Не хотелось отрываться друг от друга, а хотелось говорить, говорить бесконечно. Зейна почти с отчаянием посмотрела на холст. Нельзя прерываться ни на минуту, чтобы не выбиться из графика: одна пара крыльев за один день.

— Тин, ты не против, если я буду работать? Разговору это не помешает.

— Да, разумеется! Делай, как тебе удобно. А может, я лучше попозже зайду, чтоб не отвлекать тебя?

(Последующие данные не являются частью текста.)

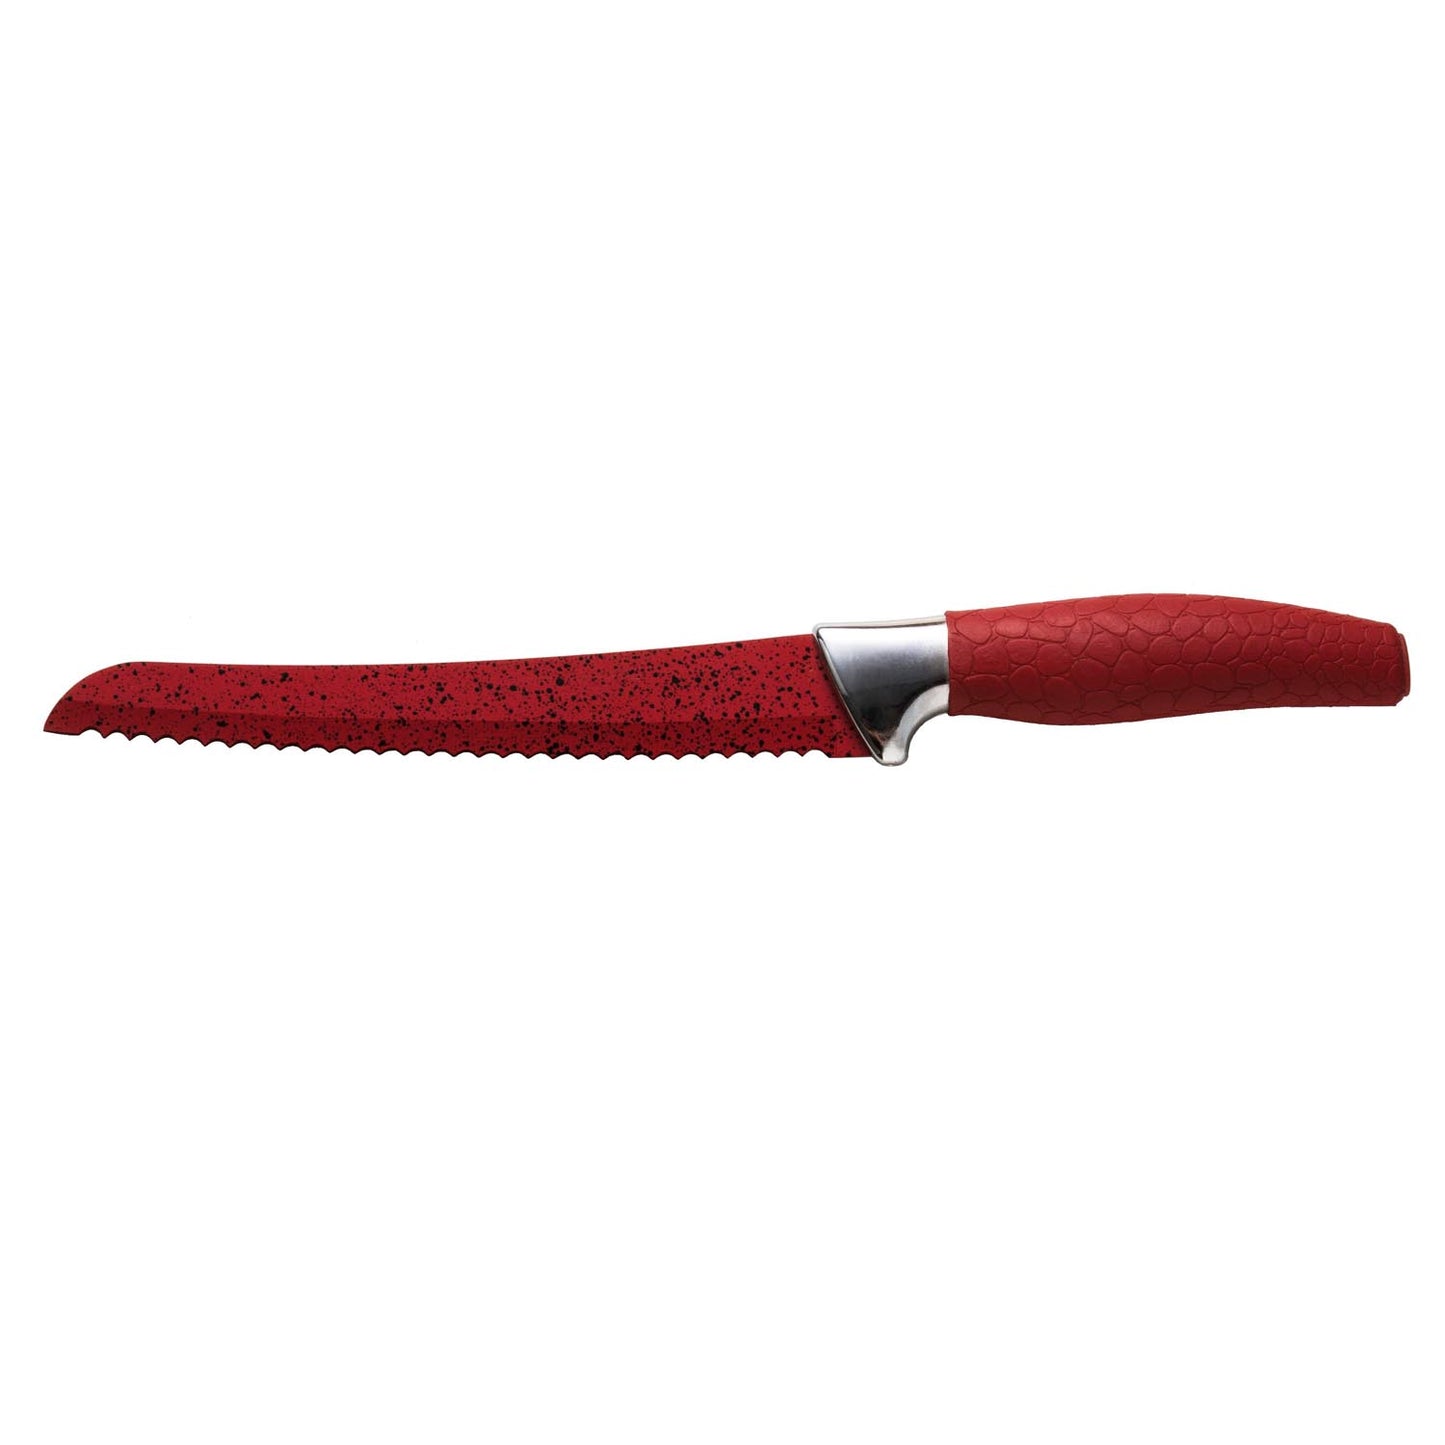 8" MARBLE COATING BREAD KNIFE - RED

— Нет-нет, что ты... Когда ты зайдёшь, я буду уже дрыхнуть без задних ног. У меня подъём в пять утра, пять минут на умывание, до полудня работа, с полудня до часу перерыв на обед, а потом до двенадцати ночи снова работа. Вот такой вот график.

Тина нахмурилась.

— Ничего себе... С ума сойти! Так вот почему ты такая усталая... Слушай, а тебе обязательно вот так?.. Ну, то есть, может, отдыхать можно было бы побольше?

Зейна вздохнула.

— Тин, не могу. Результата этой работы очень ждут. Это очень нужно и важно.

— Но ты же выматываешься!

— Что поделать, Тинок... — Зейна улыбнулась устало и ласково. — Такая у меня тут война. Я ведь не работаю даже, я воюю здесь. Ты с ребятами — там, в небе, а я — здесь, за холстом. Скажи, ты щадишь себя в бою? Нет. Бьёшься насмерть: или ты врага свалишь, или он тебя. Вот и я не имею права расслабляться. И скажу честно, здесь воевать оказалось потяжелее, чем в небе.

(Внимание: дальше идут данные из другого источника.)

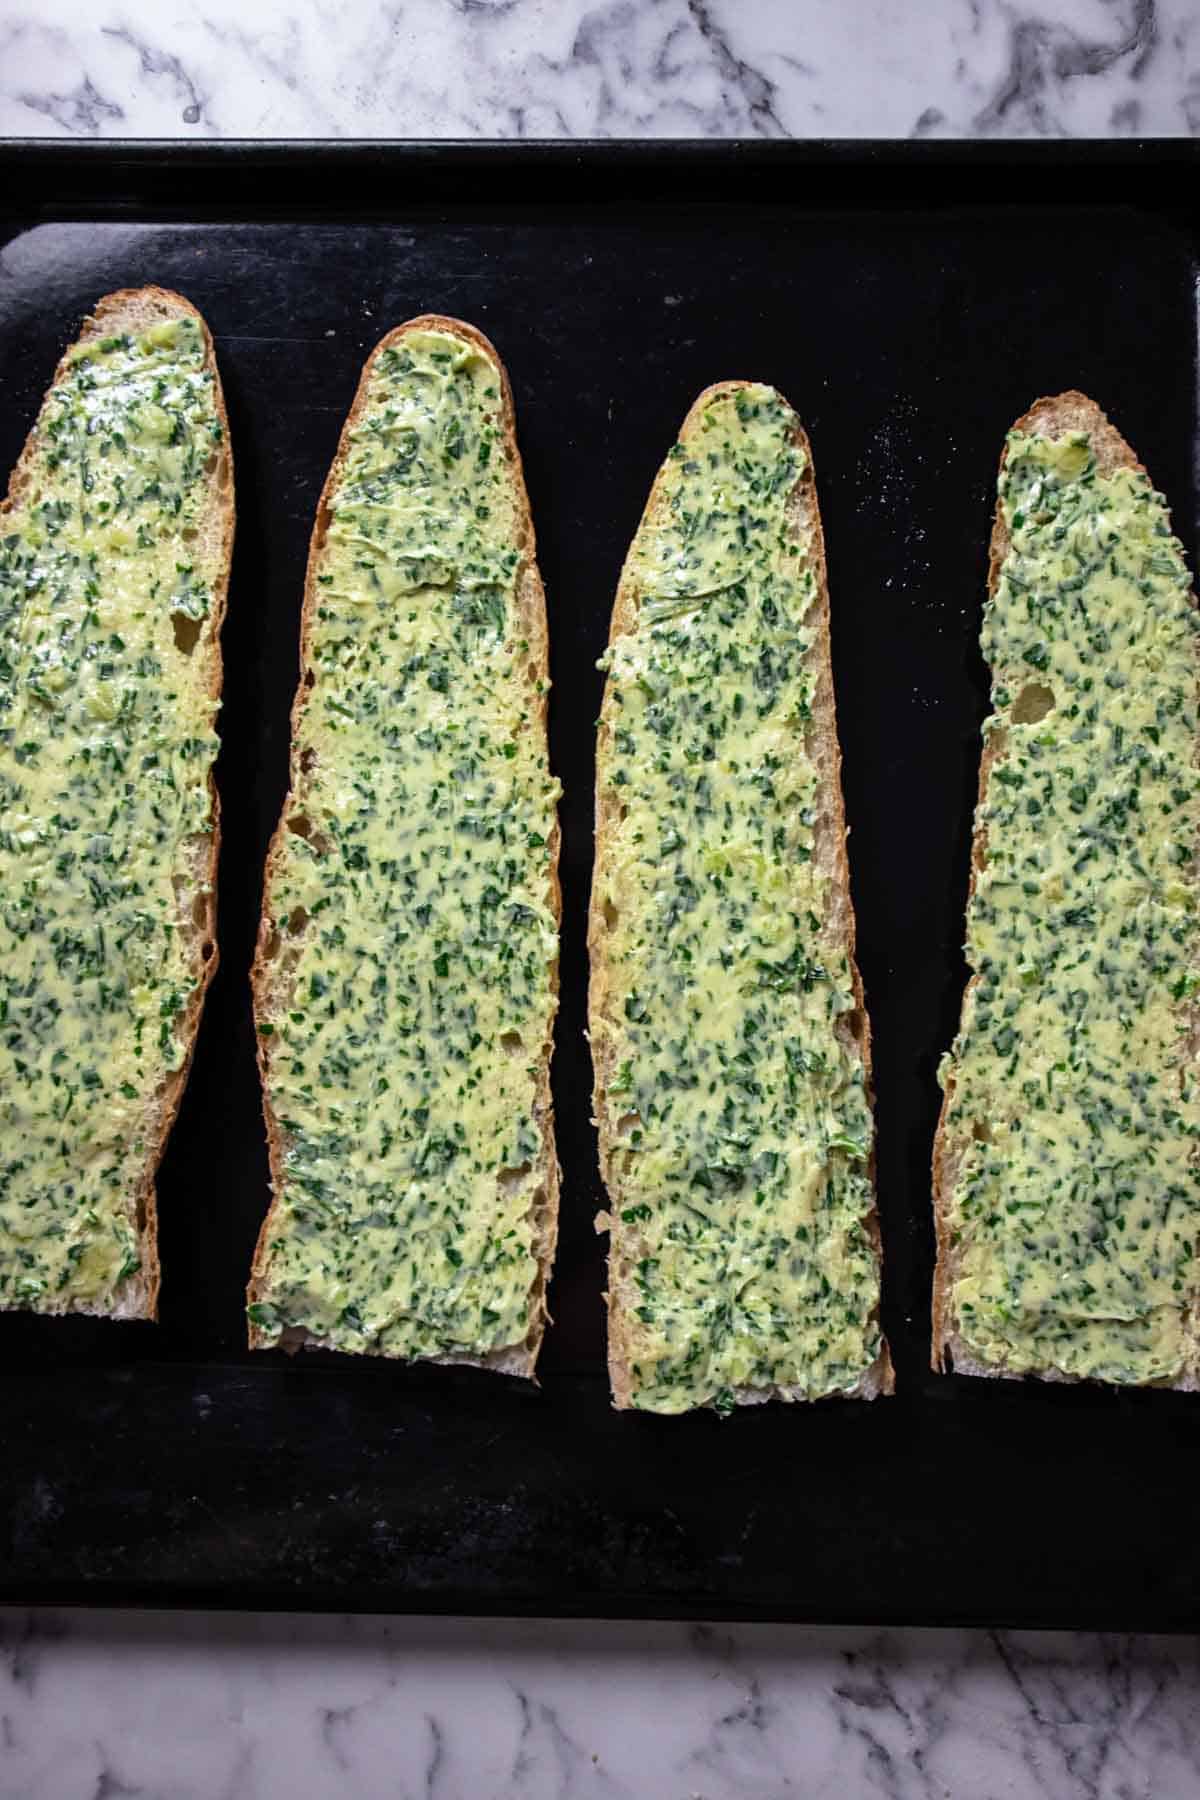 Gluten free baguette slices with a layer of garlic butter

Она снова принялась за работу, хотя отчаянно хотелось просто сидеть, бездельничать, пить чай и разговаривать с Тиной. Им было о чём рассказать друг другу, у каждой за плечами накопился опыт — и боевой, и просто жизненный. В последний раз они беззаботно танцевали за несколько дней до войны... Казалось, что с того вечера в клубе для лётчиков прошла целая жизнь. Вечность.

Тина успела поучаствовать в множестве воздушных схваток, три раза её подбивали, но каждый раз она успевала катапультироваться с парашютом. Были и ранения: два лёгких, с которыми она продолжала воевать, сделав лишь перевязку, и одно серьёзное, после которого она месяц провалялась в госпитале. Именно там пришлось так кардинально и не совсем по своей воле изменить причёску. Выписалась она недавно — а тут и отпуск ей дали.

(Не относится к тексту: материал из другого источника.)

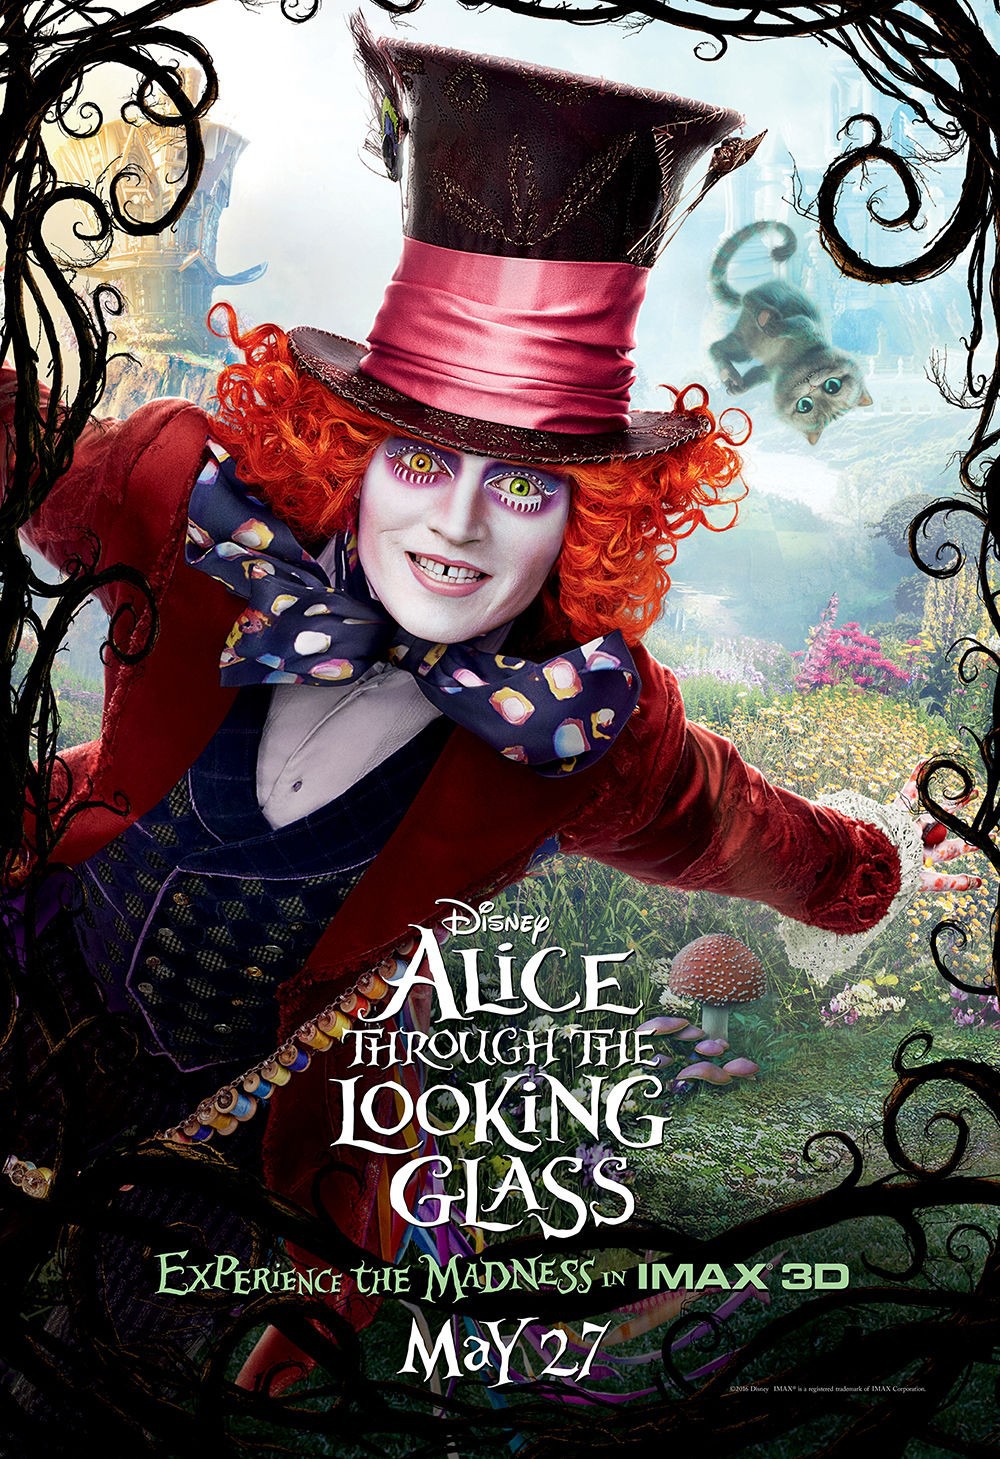 Extra Large Movie Poster Image for Alice Through the Looking Glass (#23 of 24)

Зейна снова слегка поёжилась, и даже не плечами, а сердцем.

— Вот это, — она провела рукой по лицу наискосок, имея в виду шрам, — тоже... в этот раз?

— Ага, это самое свежее боевое украшение. — Встав, Тина подошла к взгромоздившейся на высокий табурет перед холстом Зейне, мягко взяла сзади за плечи. — Что, очень страшно выглядит? Волосы-то отрастут, а это уже не спрячешь.

Зейна, застыв на миг с нежной болью в сердце, обернулась через плечо, улыбнулась:

— Нет, что ты, Тиночек. Будь у тебя даже всё лицо в шрамах, это меня не испугало бы. Потому что твои глаза — по-прежнему твои, и голос твой, и вообще вся ты...

Руки Тины погладили её плечи.

— Спасибо, Зейна. Чудесная ты. И не только потому что с крыльями.

Усилием воли Зейне приходилось возвращаться к работе, хотя сосредоточиться было и трудно. Хотелось всё внимание отдавать Тине. Но сейчас — война, все личные «хочу» задвигались на задний план. У неё был долг перед маминой «Любовью». Каждый готовый крылатый боец, каждая такая боевая «пташка» — акт воздаяния за погубленное чудо, за растерзанный шедевр света и нежности. Зейна порой даже сомневалась, впрямь ли он рукотворный, или же краски на стену бросила непосредственно мамина душа, её светлая сила... Нет, не месть. Месть — более низкое слово, простое, плоское и пошлое. Неуместное. Отмщение, воздаяние, священная война — уже точнее. Не было врагам прощения за их злодеяние ни на земле, ни на небесах.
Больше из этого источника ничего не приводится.